Marathon Qualifying Times Responses.

In a recent blog I detailed my thoughts on the lowering of the Olympics Marathon Trials Qualifying time. Some people responded in the comments section and others sent me their opinions in an email. I have collected many of them and put their retorts into a message here below.

One good friend was an advocate for raising the time. One of his reasons is as follows:

“Raising the standard, for example to 2:25, will put the dream of making the Trial within the reach of many good but not great marathoners. In 1980, I was good but not great -- my 2:27:25 at Boston 1980 was more than five minutes slower than the 2:21:54 standard. But I had four years, and I could have trained to beat 2:25 -- but by 1984, they lowered the standard to 2:20. That was out of reach, so why bother training for it?”

Many brought up the point that allowing more runners, rather than fewer, to run the Marathon Trials will focus more attention on the event and sell more people on coming out to watch it. The Marathon Trials should get as much interest as the Track & Field Trials and "fill the stadium." In countries like Japan, a major event getting less than a 10% share of televisions ratings would be a huge disappointment. In the US a 1% share is normal (the SuperBowl gets like 40% FYI)

Others brought up the point that a “party-crasher” was not too well-received. By this I mean, Michael Wardian, a 2:21:27 PR, led the race for 35 minutes.
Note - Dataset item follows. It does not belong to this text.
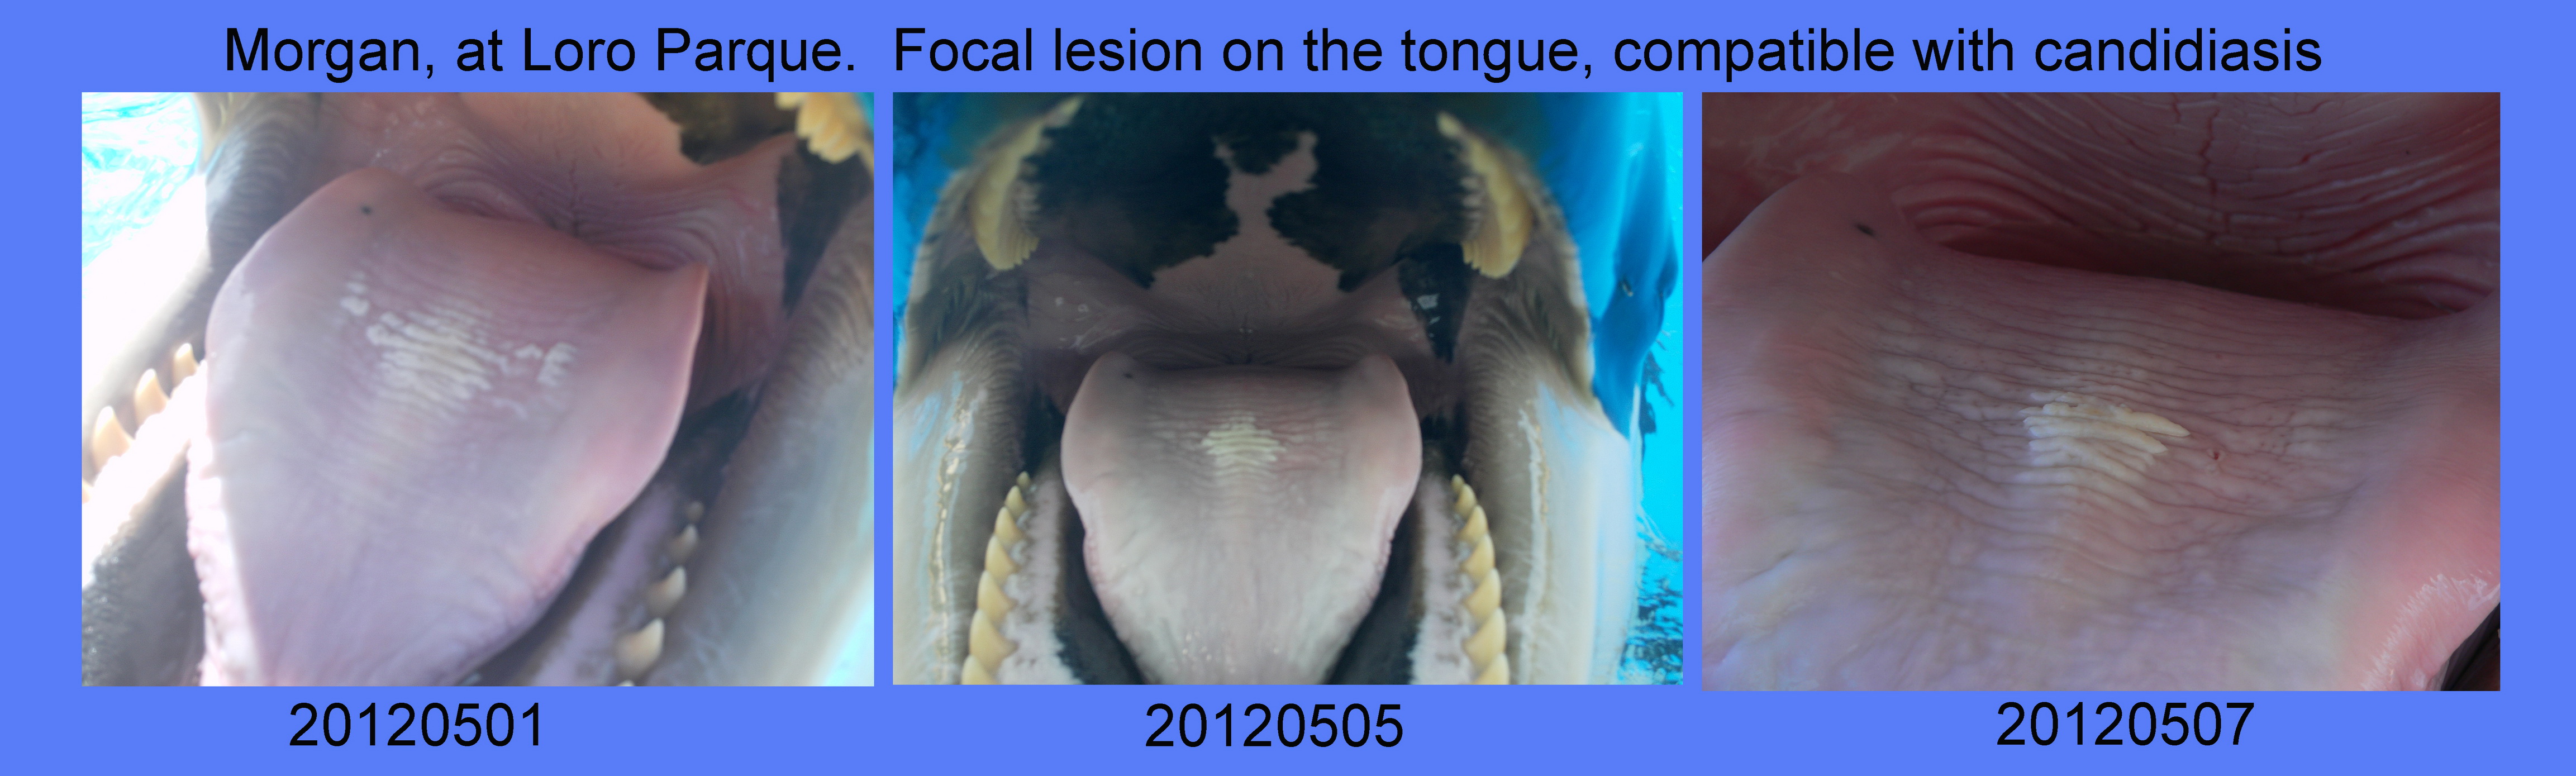 Candidiasis on the tongue of Morgan, while at Loro Parque, 1, 5 & 7 May 2012

Many feel that the organizers felt this upstart was simply trying to unconventionally grab some fame and did not like him crashing their party. Organizers like well-scripted events and if anything is certain in marathoning, it is that 26.2 miles leaves plenty of time for a script to be written by those who weren’t invited to the writing table. But Wardian’s surge faded and in spite of the relatively slow early pace which worried organizers, Ryan Hall set a Marathon Trials record. So what's the harm?




Not taking away stories like Wardian’s, people have said, increases the probability of an unknown with a slower qualifying time having a breakthrough -- for example, Kyle Heffner in 1980, John Tuttle in 1984, Mark Conover in 1988.

I feel that my friends have very good points. For whatever reason, the same people who will shoot a 96 on the golf links will still go watch 4 hours of Masters coverage in the club house but your typical road racer wouldn’t want to watch coverage of a Marathon on TV. If there were more “everymen” running, would there be greater desire to watch? Obviously the “slower” time did not affect this year’s finish.

Good food for thought.

2 comments:

Anonymous said...

I have read off an on for about six months as I used to train and run in the DC area for several years and enjoy seeing a different perspective on the areas people and events.
This is the first time I felt something forth posting and it is a defense of Wardian. I see the point of a party crasher, but Wardian was not that, he was the only one in the field that went out at an honest pace. Not a single split was abnormal for himself not to mention for the rest of the field. You have to go back several years for a "party crasher" to be found as there is too much respect within the American elite to use Trials as a platform to get some TV time. Wardian ran a true controlled pace that he had to do to be competitive knowing he does not have the Meb, Hall, etc. second halves.

Dane said...

Scott,

I know Mike and I agree. I think the point made was that the USATF might not have known who he was so felt as if "Who is this pony-tailed guy and why is he mucking up my pretty little race?"